Beyond the observed quantitative differences, these results suggest deeper structural limitations in ICL-based approaches when applied to complex classification schemes. Fine-tuned models optimize their internal representations towards task-specific decision boundaries that best separate the labels through gradient-based optimization. This allows them to model subtle relationships, such as ordinal progression or label co-occurrence. In contrast, ICL-based approaches rely entirely on pattern induction from textual cues, performing an analogical reasoning over examples rather than adaptating parameters [44]. This makes them inherently sensitive to variations in label wording and context order, class imbalance and to the “semantic flatness” problem, where prompted labels are treated as isolated tokens without internal order or dependency [42]. Consequently, in ordinal and multi-label settings where the output structure implicit encodes relationships between labels, this sensitivity prevents the model from forming stable internal hierarchies and exceeds the representational granularity that ICL-based approaches can infer from a small number of examples. Furthermore, the compositional ambiguity of Spanish (e.g., hyperbolic or humorous uses of violence) compounds these difficulties by demanding contextual disambiguation that ICL-based approaches cannot consistently achieve without parameter updates.

In conclusion, while ICL-based approaches offer flexibility in low-resource scenarios, they are hindered by instability and the generation of invalid outputs. They also struggle with complex tasks, such as ordinal and multi-label classification. This instability and the generation of invalid outputs represent a major limitation to their adoption in high-stakes applications such as forensic analysis and cybersecurity, where reliability and interpretability are critical. Fine-tuned Spanish encoder-only models, however, consistently produced reliable results, highlighting the importance of supervision in hate speech detection. While ICL-based approaches can be used as a complementary tool when annotations or computational resources are scarce, supervised fine-tuning remains essential for critical applications such as forensic analysis and cybersecurity. These findings also have direct implications for real-world cybersecurity systems, where reliably detecting maliciously disseminated hate speech is essential for countering hybrid threats involving compromised accounts, coordinated bot activity (botnets) and malware-driven disinformation and misinformation campaigns during electoral campaigns. The insights gained from this study support the development of next-generation AI-driven cybersecurity solutions that can detect malicious activity with greater accuracy and explainability, and with greater adaptability. This will reinforce the protection of digital infrastructures and mitigate the societal risks of coordinated harmful communication.

6  Conclusions and Further Work

This study provides a comprehensive evaluation of the two main approaches to automatically detecting maliciously disseminated hate speech in Spanish: supervised fine-tuning of encoder-only models trained on Spanish corpora and ICL-based approaches using large-scale LLMs with ZS and FS prompting. Our multidimensional evaluation, which covers speech type, recipient, intensity and targeted group classification, highlights both the potential and limitations of these approaches.

The results confirm that fine-tuning is the most reliable strategy, delivering stable performance across all tasks and consistently outperforming ICL-based approaches across all tasks. The only models able to effectively handle the complexity of multi-label classification in the targeted group task were those evaluated under the fine-tuning approach. In contrast, ICL-based approaches present severe challenges. The ZSL approach shows markedly lower performance than fine-tuning, with highly variable results and frequent invalid outputs. While the FSL approach mitigates some of these issues, improves stability in generated outputs and modestly enhances recall, it still falls short of the fine-tuning approach, particularly in ordinal (intensity of speech task) and multi-label (targeted group task) settings.

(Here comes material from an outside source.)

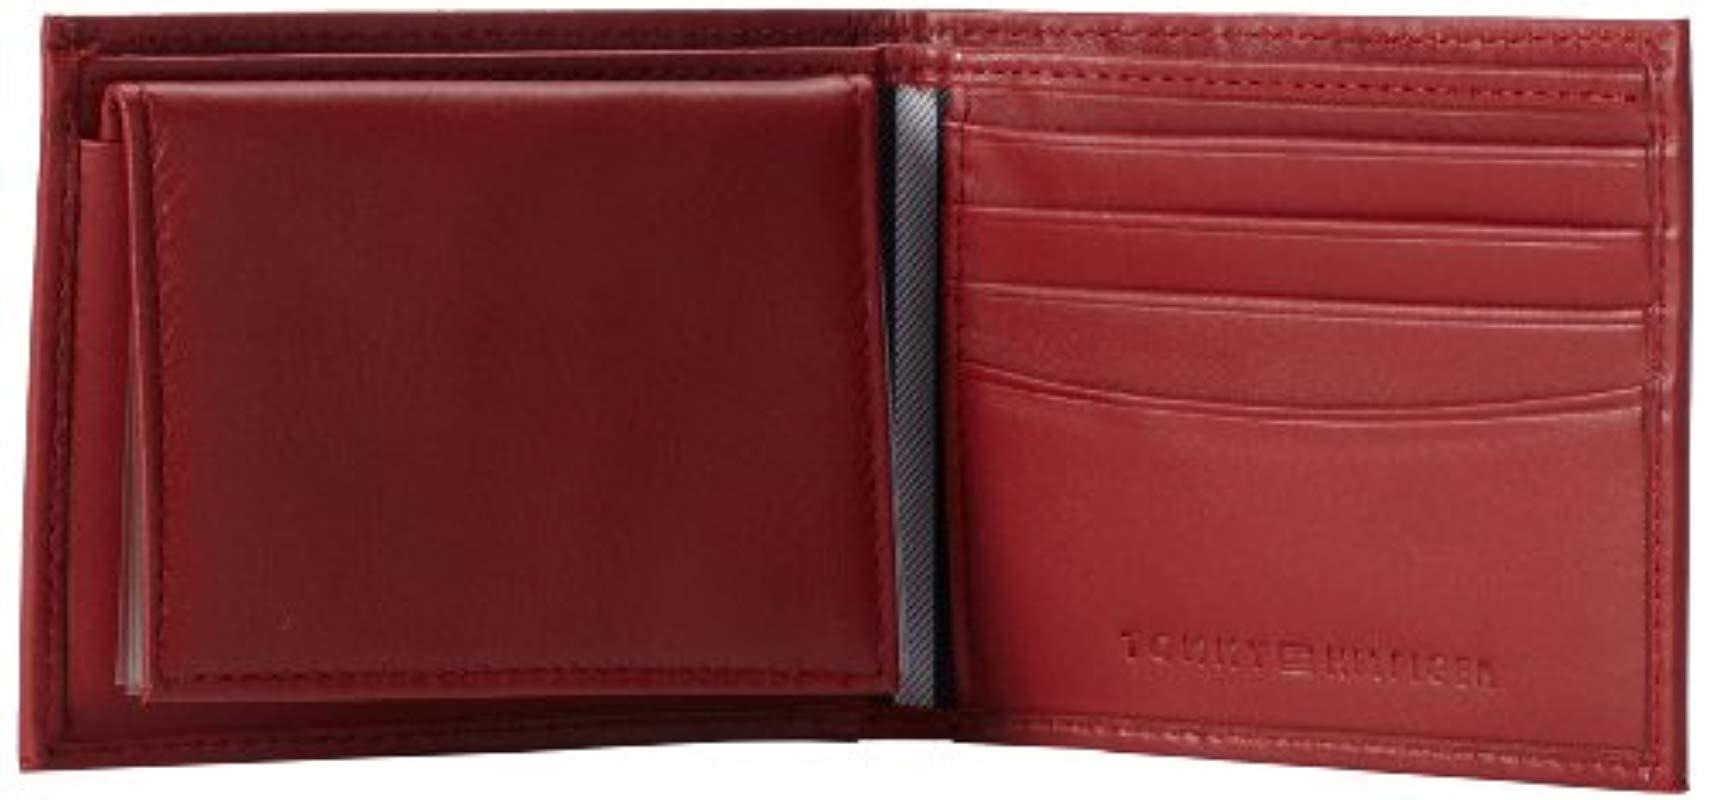 New Tommy Hilfiger Ranger Red Navy Leather Passcase Credit Cards Men's Wallet

An additional contribution of this study is the introduction of complementary evaluation metrics, such as the PVR, the ZFR and the ZFG. These measures provide valuable insights into the reliability and stability of ICL-based approaches, going beyond traditional aggregate metrics such as F1-score or recall. By explicitly quantifying the validity of generated outputs and the dynamics of error retention and recovery when moving from ZS to FS prompting, these metrics enable a more nuanced interpretation of model behavior. This proves particularly useful in forensic and cybersecurity contexts, where the robustness of predictions is as critical as their raw accuracy.

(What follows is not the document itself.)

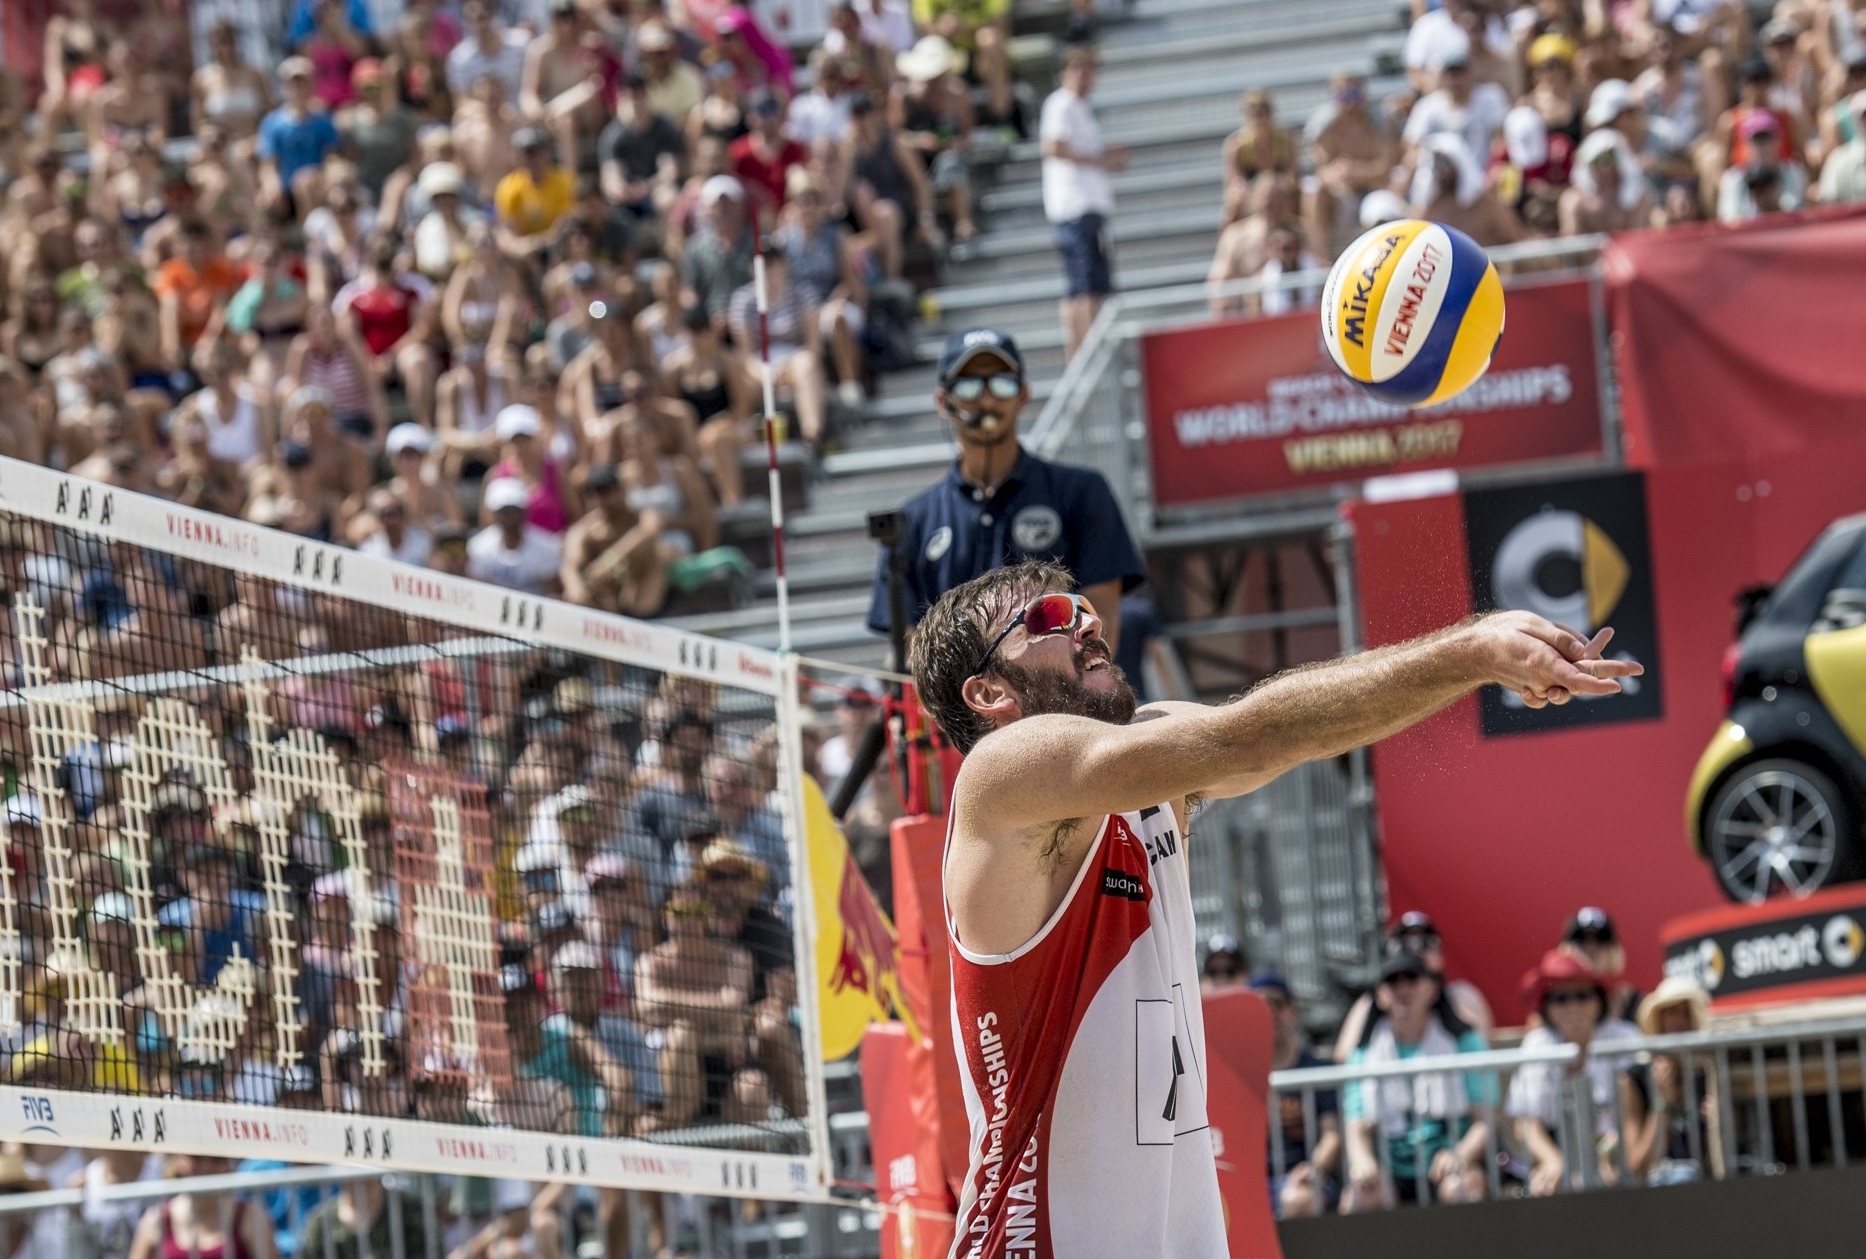 Ben sets as a packed Red Bull Beach Arena looks on during the World Championships in Vienna

Taken together, these findings highlight the importance of robust supervision for the accurate and consistent detection of hate speech in Spanish. Although ICL-based approaches can be a useful, lightweight alternative when annotated resources are unavailable, they are currently limited in their applicability to practical forensic and cybersecurity contexts. Significant obstacles that must be addressed include difficulties such as confusion among overlapping classes, handling ordinal and multi-label tasks, treating minority classes and generating invalid or unreliable outputs. In particular, the instability and frequent generation of invalid outputs observed under ICL-based approaches represent a critical barrier to their deployment in high-stakes applications such as forensic analysis and cybersecurity. Therefore, ensuring the validity and consistency of model predictions should be considered a key priority for future work, through improved prompting strategies and hybrid frameworks that combine the flexibility of ICL-based approaches with the reliability of fine-tuning. Promising directions for further work include more intelligent methods for selecting FS examples such as clustering-based sampling, diversity-aware heuristics or uncertainty-driven selection, as well as examining how different numbers of examples influence performance. Additionally, tailoring prompts to better exploit the strengths of specific model families may help mitigate some of the limitations identified in this study.

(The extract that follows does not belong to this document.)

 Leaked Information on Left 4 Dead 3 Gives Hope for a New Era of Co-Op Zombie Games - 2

From a computational perspective, fine-tuning and ICL-based approaches differ substantially in terms of complexity and scalability, specifically in terms of resource requirements and practical deployment implications. Fine-tuning requires significant computational resources upfront, including substantial GPU memory, several hours, or even days, of training time depending on model size and the availability of high-quality annotated datasets. This long and resource-intensive training phase stands in sharp contrast with ICL-based approaches, which require no training at all. However, once the fine-tuning process is completed, it produces task-specific models that can be efficiently deployed in large-scale or real-time systems and are highly advantageous in sensitive domains such as cybersecurity, where controlled behavior, predictable latency, and stable performance are critical. Typical inference times for a fine-tuned encoder model are comparatively low; often one to two orders of magnitude faster than querying a large LLM with long prompts, making fine-tuning preferable for high-throughput scenarios.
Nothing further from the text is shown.